June 7, 2010 at 1:11 pm
I went through the available posts I could find on this topic and couldn't find a situation quite like mine. Essentially, I need to return one record from the left side of the join with one record on the right side. My problem is getting the correct record. I have a feeling I'm missing something obvious, but I'm not able to get it.

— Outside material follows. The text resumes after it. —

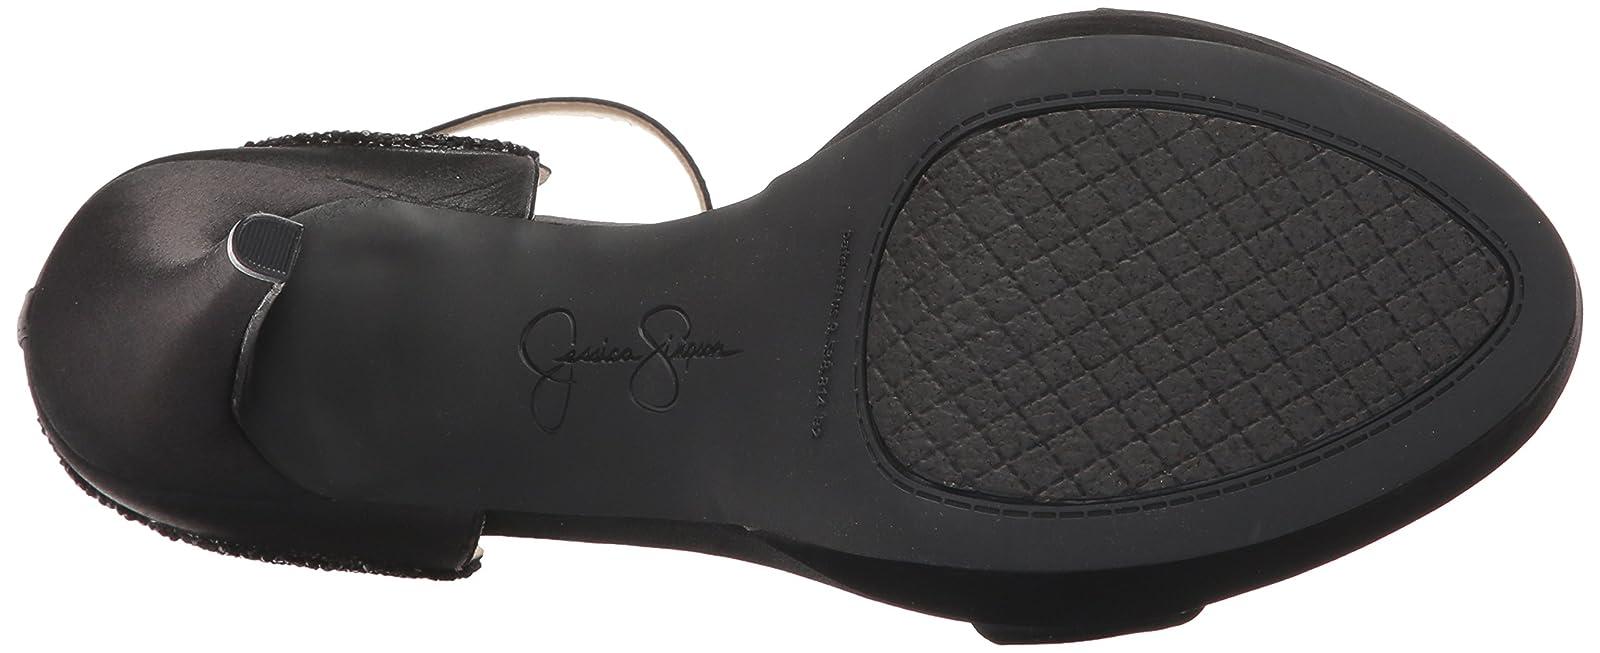 Jessica Simpson Women's BAYVINN Heeled Sandal US - 3

The problem lies here. I need to find the number of days between an inmates booking date and their release date (inclusive). All the records are kept in a log table. There are two possible event types for a booking event (BOOK and REBK) and one for a release (RELS). Some inmates (name_id 123, below) are nice and clean and have only a single booking event and a single release event. Some are not (name_id 456). For name_id 456 the first book_id (22) is fine because there is only one booking event and one release event. The second book_id (33) is not so much because of the release and rebook events.
Thanks for any help.
Code is below.
--remove temp table if necessary
IF OBJECT_ID('tempdb..#jlog') IS NOT NULL
DROP TABLE #jlog
--make temp table
CREATE TABLE #jlog (
jlog_id int NOT NULL,
name_id int NOT NULL,
book_id int NOT NULL,
eventtype char(4) NOT NULL,
eventdate datetime NULL
)
--poplulate temp table
INSERT INTO #jlog (jlog_id,name_id,book_id,eventtype,eventdate) VALUES (1,123,11,'BOOK','2009-09-10 16:21:00.000')
INSERT INTO #jlog (jlog_id,name_id,book_id,eventtype,eventdate) VALUES (15,123,11,'INMT','2009-09-16 16:37:59.000')
INSERT INTO #jlog (jlog_id,name_id,book_id,eventtype,eventdate) VALUES (65,123,11,'RELS','2009-09-17 01:23:34.000')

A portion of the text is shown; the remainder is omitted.